Spivak chama atenção, ainda, para a declaração de Deleuze de que “não há mais
representação, não há nada além da ação”. Ela chama atenção para os dois sentidos
do termo “representação”, ou seja, o teórico/intelectual nem representaria (no
sentido de falar por) o grupo oprimido, e o sujeito não é visto como uma consciência
representativa (que representa a realidade adequadamente, no sentido de representar
como uma visão estética que prefigura o ato de performance ou encenação).

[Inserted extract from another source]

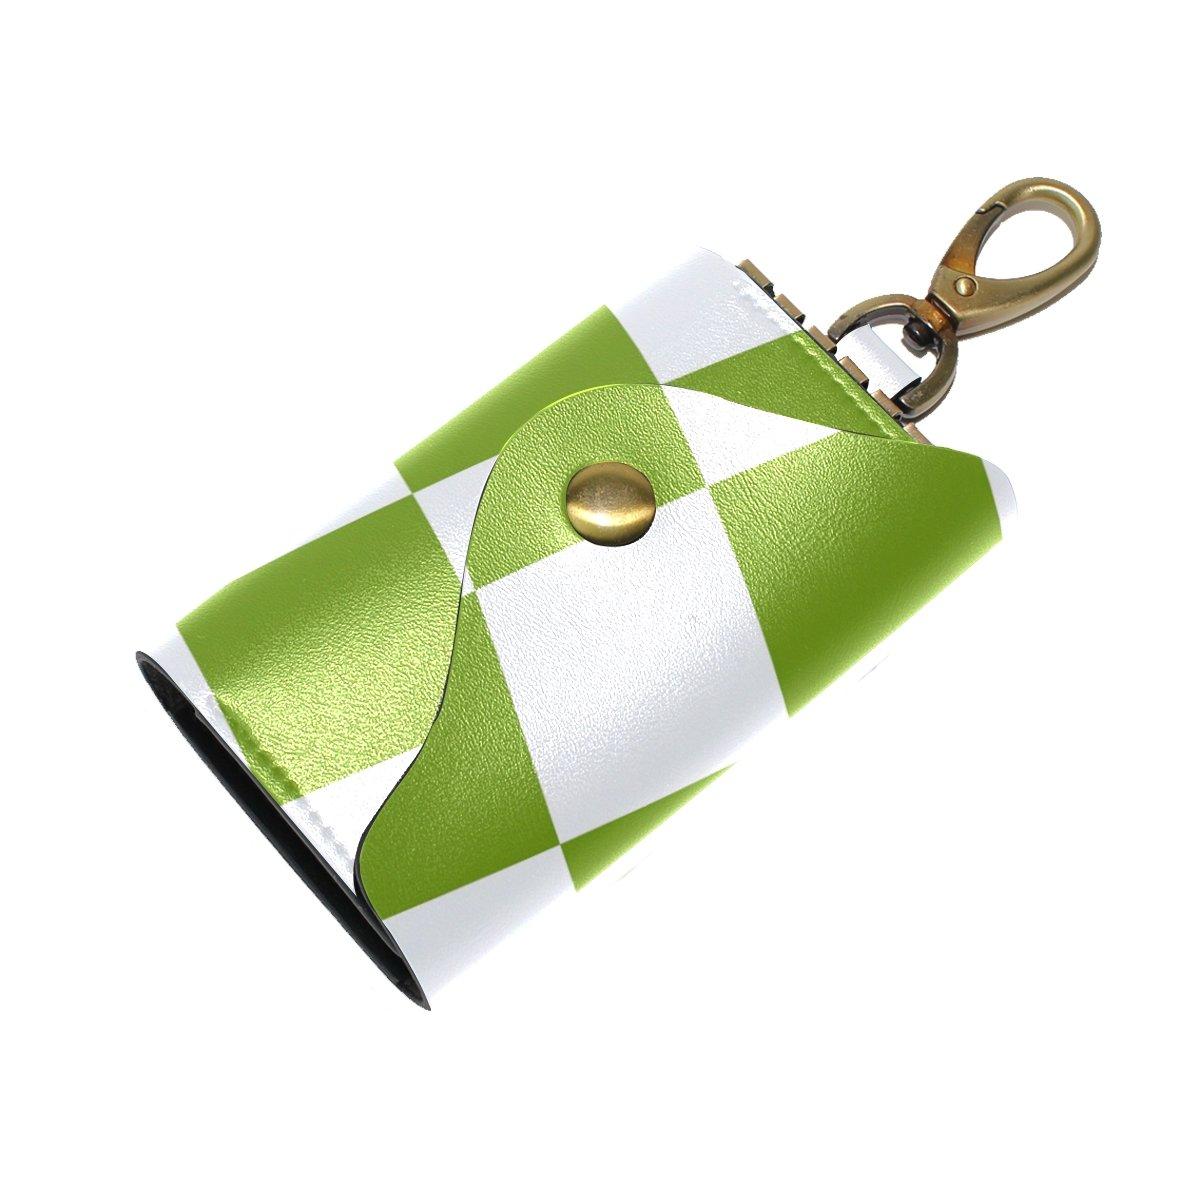 DEYYA White Green Squares Checkered Leather Key Case Wallets Unisex Keychain Key Holder with 6 Hooks Snap Closure

Ou seja, Deleuze (e Foucault) apagam a representação, o significante. Spivak vai
argumentar, que fazerem isso, esses autores esquecem (mais uma vez) as conexões
com a ideologia, a maneira como a linguagem trabalha junto e dentro da ideologia (ou
seja, movimentos em larga escala e modos de poder que existe no nível mais geral,
“macrológico”). Além disso, eles criam um “Sujeito” que só pode existir quando em
relação a um “Outro” determinado. Esse “Sujeito” seria atado à transparência do
intelectual, essa “transparência” marca o lugar do “interesse”. Deleuze e Foucault
muitas vezes vão falar pelo Outro, em nome do Outro. Isso reproduz o ciclo de falar
pelo Outro o que, em um contexto colonial, é exacerbado:
Então, Spivak irá se opor a esses dois pensadores, a partir do trabalho de Derrida, em
que ele fala sobre desconstrução, o que seria uma espécie de “antídoto” ao problema
que ela identifica em Deleuze e Foucault. Desconstrução, para Derrida, não tem a ver
com desmontar algo. Para ele, é um método que você aplica a uma binariedade
(colonizador x colonizado, sujeito x outro, por ex.) e tenta mostrar que cada lado dessa
binariedade é contingente à existência do outro. Ou seja, essas características não são
identidades em si mesmas, mas só se torna uma quando você tem este “outro” contra
o qual você pode se posicionar (existem em relação um ao outro, não podem ser
separados). Spivak irá usar isso para analisar a divisão entre o Sujeito europeu e o
Outro colonizado: ou seja, esse Outro é criado em resposta à um determinado poder,
um que tenta manter uma superioridade por parte do Sujeito. Derrida quer “tornar
delirante aquela voz interior que é o outro em nós”, para mostrar que aquele outro
que achamos que existe, ou seja, o outro do qual nós poderíamos nos apropriar, já
está dentro da gente, ele não existe naturalmente no mundo, ele é criado justamente
por essa divisão. Ele critica esse perigo de se apropriar do outro por assimilação
(“tornar o pensamento ou o sujeito pensante transparente ou invisível parece [...]
ocultar o reconhecimento implacável do Outro por assimilação” – pg 83).
Spivak finaliza concluindo que não, o subalterno não pode falar: o processo de fala se
caracterizaria por uma transação entre falante e ouvinte e, segundo Spivak, esse
espaço dialógico não se concretiza para o subalterno (que é desinvestido de qualquer
forma de agenciamento). Se refere ao fato de que a fala do subalterno ou do
colonizado é sempre intermediada pela voz de outrem.